ASR Troubleshooting
About 1240 wordsAbout 4 min
2026-03-21
Common problems and their solutions when working with ASR libraries, particularly faster-whisper and openai-whisper.
Hallucinations on Silence
Symptom: Whisper outputs random text, music notation, or "[MUSIC]" when the audio contains silence or low-level noise.
Root cause: Whisper was trained on 30-second clips and fills empty audio with plausible outputs. It does not inherently know "there is nothing to transcribe here."
Fixes:
from faster_whisper import WhisperModel
model = WhisperModel("base.en", device="cpu", compute_type="int8")
# 1. Enable built-in VAD filter
segments, info = model.transcribe(
"audio.wav",
vad_filter=True,
vad_parameters={
"threshold": 0.5, # speech prob threshold (0–1)
"min_speech_duration_ms": 250, # ignore very short bursts
"min_silence_duration_ms": 600,
"speech_pad_ms": 200,
},
)
# 2. Filter by no_speech_prob after the fact
for seg in segments:
if seg.no_speech_prob > 0.6:
continue # skip silent/noise segments
print(seg.text)
# 3. Filter by log-probability (very low = hallucination)
for seg in segments:
if seg.avg_logprob < -1.0:
continue
print(seg.text)Run VAD before ASR (strongest fix):
# Use silero-vad to extract only speech windows first,
# then feed only those chunks to Whisper.

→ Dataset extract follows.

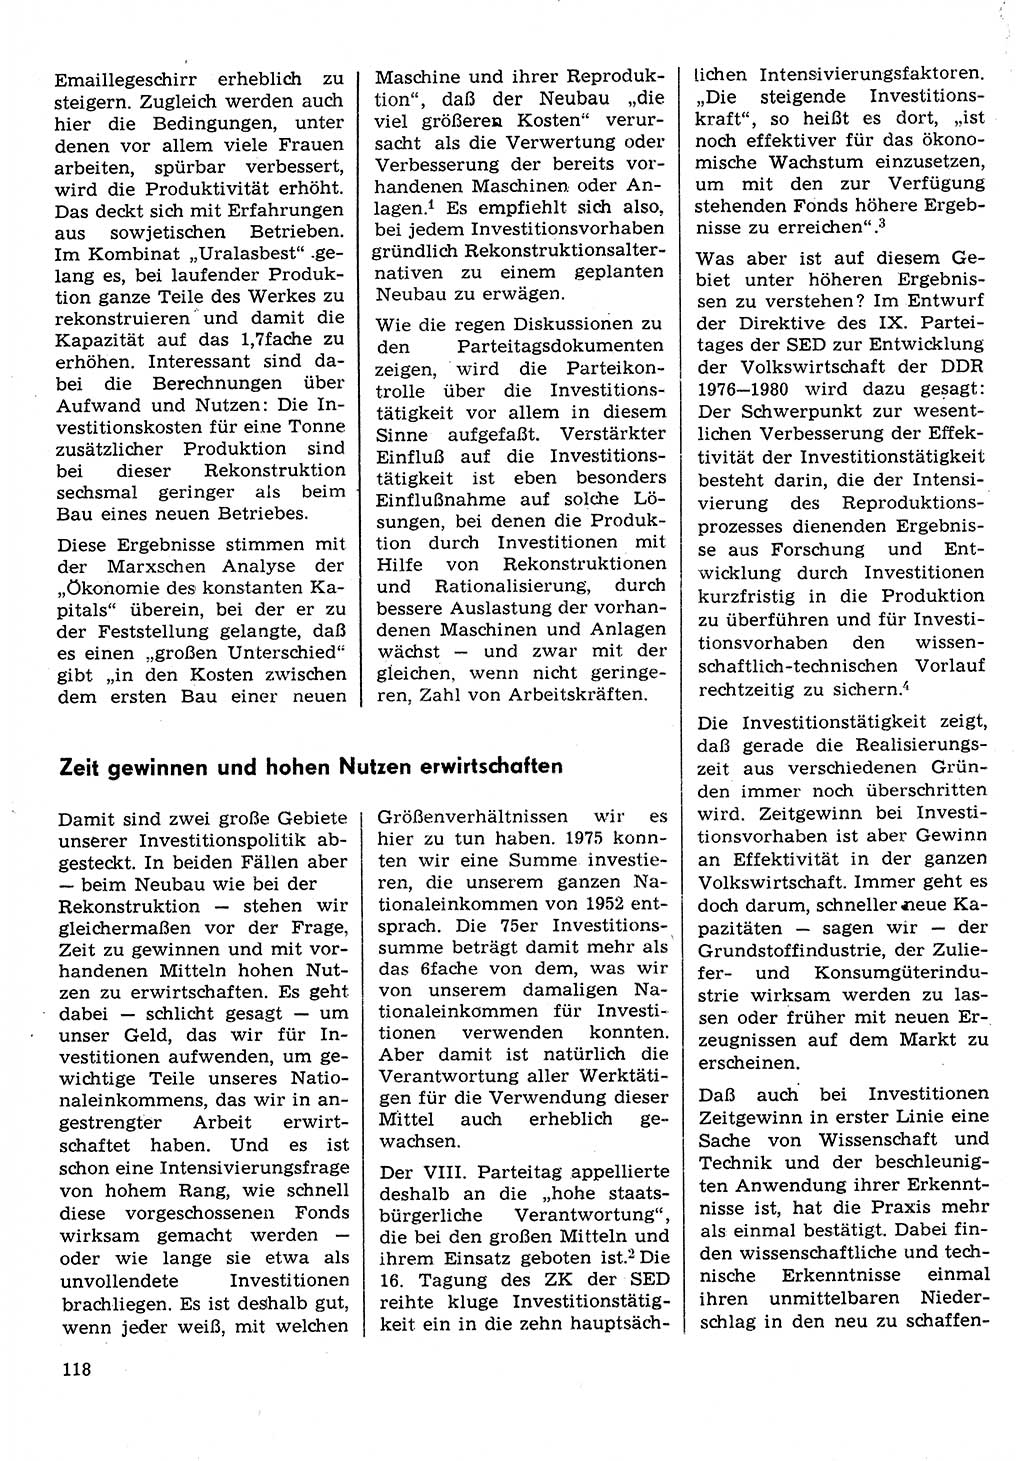 Neuer Weg (NW), Organ des Zentralkomitees (ZK) der SED (Sozialistische Einheitspartei Deutschlands) für Fragen des Parteilebens, 31. Jahrgang [Deutsche Demokratische Republik (DDR)] 1976, Seite 118 (NW ZK SED DDR 1976, S. 118)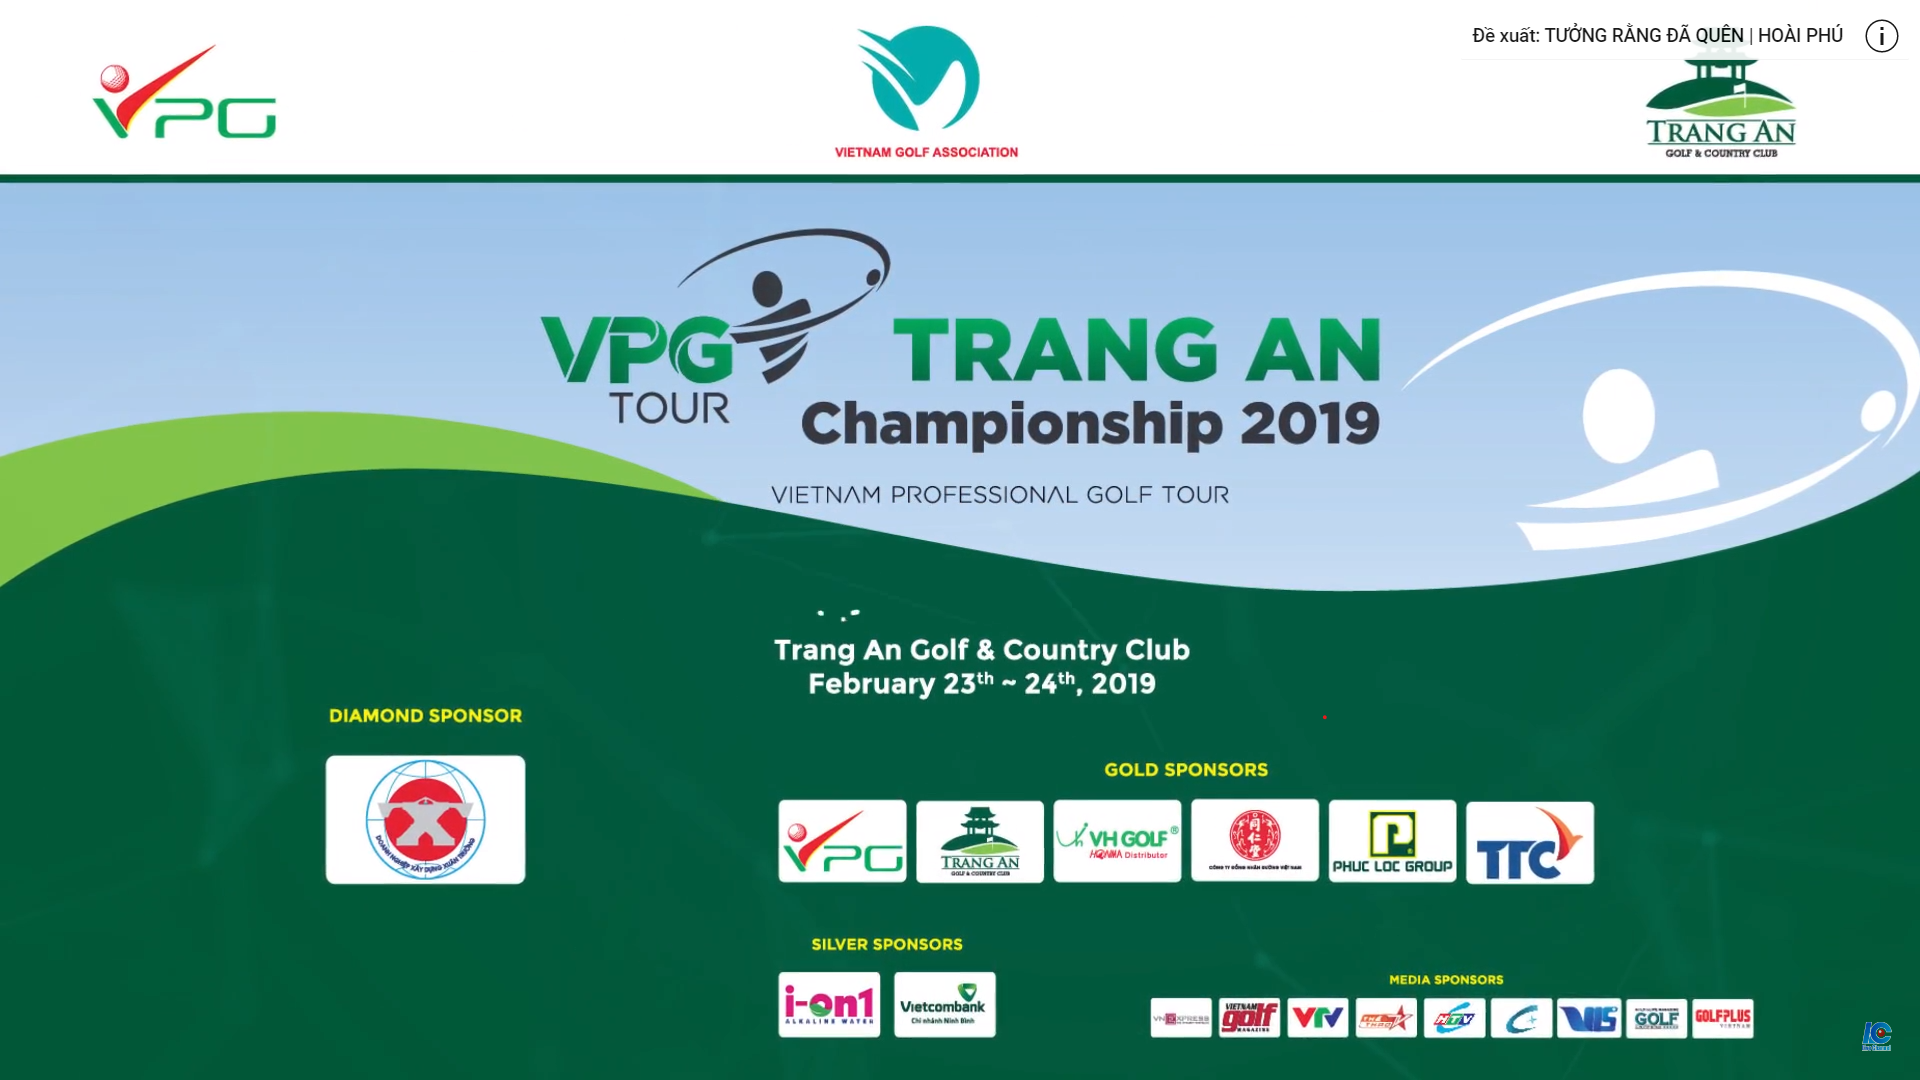 PHÁT TRỰC TIẾP GIẢI GOLF CHUYÊN NGHIỆP VPG TOUR - TRANG AN CHAMPIONSHIP 2019

# See /kb/ai/vad/real-time-streaming/ for implementation.Wrong Language Detected
Symptom: Whisper transcribes in the wrong language, or transliterates instead of transcribing.
Root cause: Auto-detection uses the first 30 seconds. If that segment is noisy or contains music, the prediction can be wrong.
Fixes:
# Force the language explicitly
segments, info = model.transcribe(
"audio.wav",
language="en", # ISO 639-1 code: "fr", "de", "es", "ja", ...
)
# Check what was detected before forcing
_, info = model.transcribe("audio.wav", beam_size=1)

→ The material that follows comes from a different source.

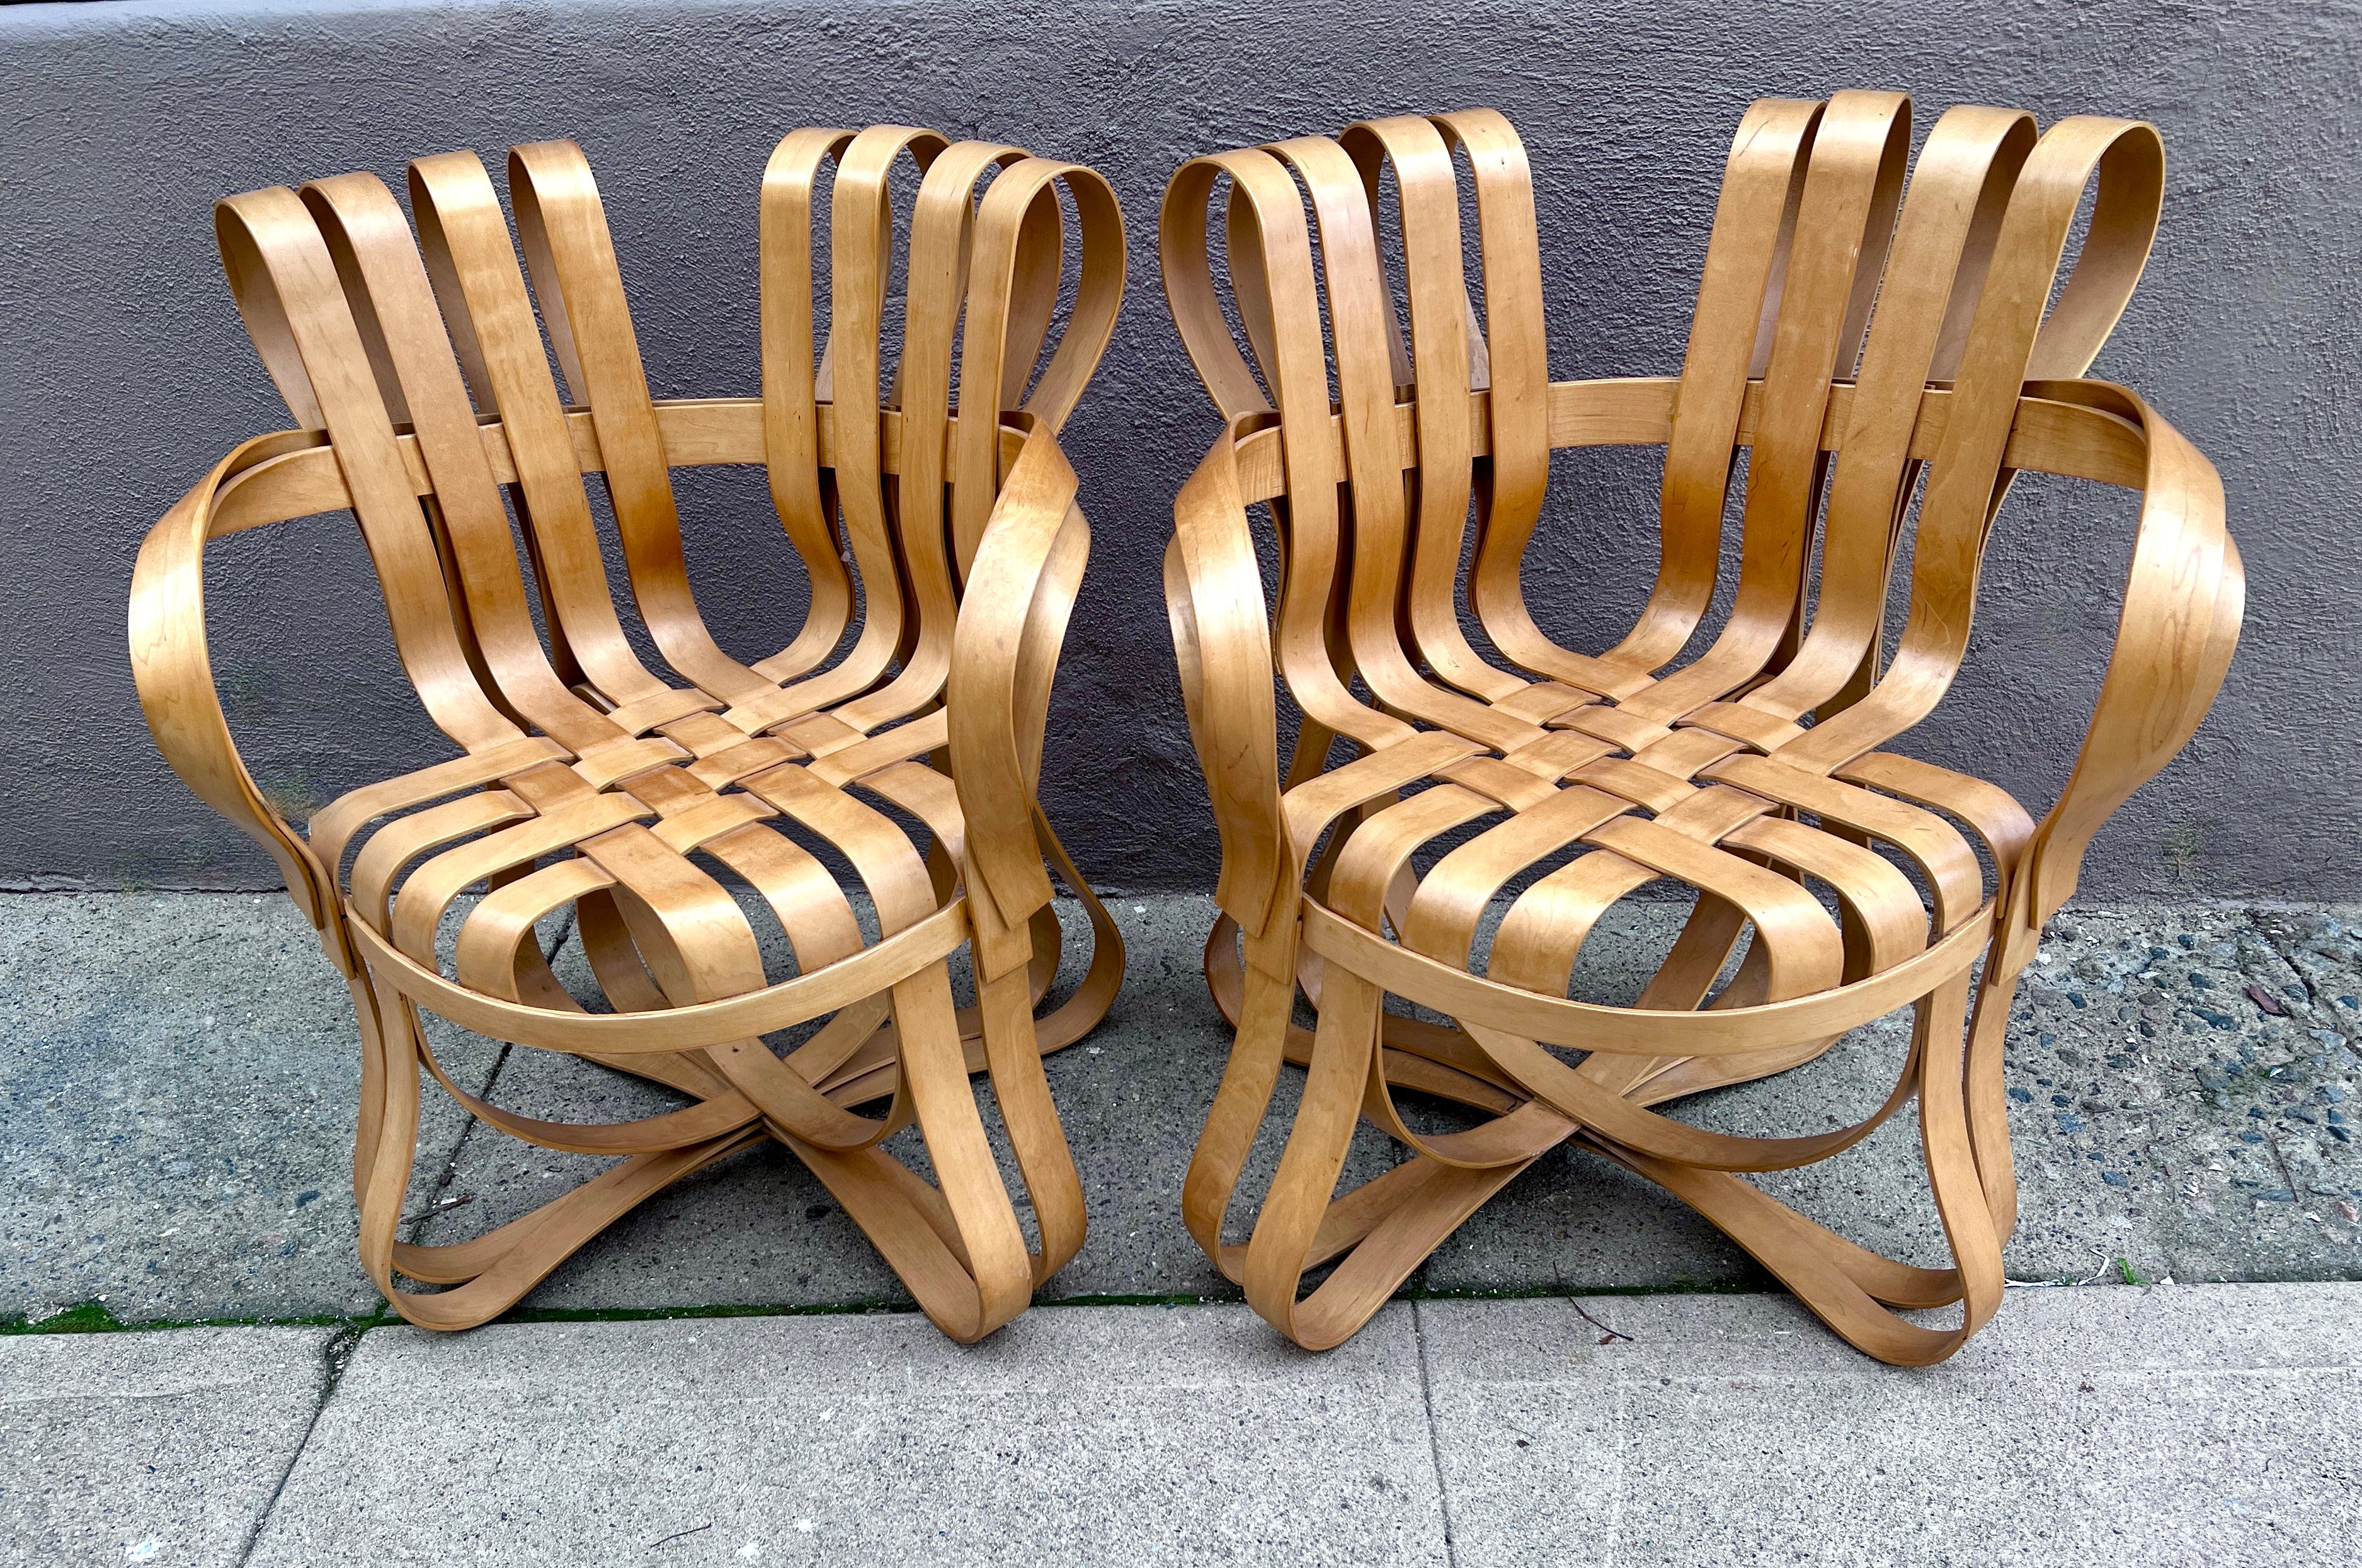 Paire de chaises à carreaux croisés de Frank Gehry.  Les chaises sont fabriquées à partir de morceaux de ruban en bois d'érable, croisés et pliés pour former non seulement un design unique, mais aussi une pièce solide pour n'importe quelle pièce de

print(f"Detected: {info.language} ({info.language_probability:.1%})")
# If probability is low (< 0.7), force your expected language
if info.language_probability < 0.7:
_, _ = model.transcribe("audio.wav", language="en")# openai-whisper: detect language from first 30s only
import whisper
model = whisper.load_model("base")
audio = whisper.load_audio("audio.wav")
audio_clip = whisper.pad_or_trim(audio)
mel = whisper.log_mel_spectrogram(audio_clip).to(model.device)
_, probs = model.detect_language(mel)
print(max(probs, key=probs.get))CUDA Out of Memory
Symptom: torch.cuda.OutOfMemoryError or CUDA error: out of memory.
Fixes:
# 1. Use a smaller model
model = WhisperModel("small.en", device="cuda", compute_type="float16")
# instead of: WhisperModel("large-v3", ...)
# 2. Use int8 quantization (halves VRAM usage)
model = WhisperModel("base.en", device="cuda", compute_type="int8_float16")
# int8 weights, float16 activations — best balance
# 3. Reduce batch size (openai-whisper)
result = model.transcribe(audio, fp16=True, verbose=False)
# 4. Force CPU fallback if GPU OOM
try:
model = WhisperModel("base.en", device="cuda", compute_type="float16")
except Exception:
print("GPU failed, falling back to CPU")
model = WhisperModel("base.en", device="cpu", compute_type="int8")VRAM requirements reference:
| Model | float16 | int8_float16 | int8 (CPU) |
|---|---|---|---|
| tiny | 1 GB | 0.5 GB | — |
| base | 1 GB | 0.5 GB | — |
| small | 2 GB | 1 GB | — |
| medium | 5 GB | 2.5 GB | — |
| large-v3 | 10 GB | 5 GB | — |
Slow CPU Inference
Symptom: Transcription takes far too long — e.g., 2 minutes to transcribe 30 seconds of audio.
Fixes:
# 1. Use int8 compute type (most impactful)
model = WhisperModel("base.en", device="cpu", compute_type="int8")
# vs default float32 which is 2–4× slower
# 2. Use the smallest model that meets your accuracy needs
# "tiny.en" is ~32× faster than "large-v3"
# 3. Reduce beam size (biggest speed lever, small accuracy trade-off)
segments, _ = model.transcribe("audio.wav", beam_size=1) # greedy
# default beam_size=5 does 5× more work
# 4. Disable word timestamps if not needed
segments, _ = model.transcribe("audio.wav", word_timestamps=False)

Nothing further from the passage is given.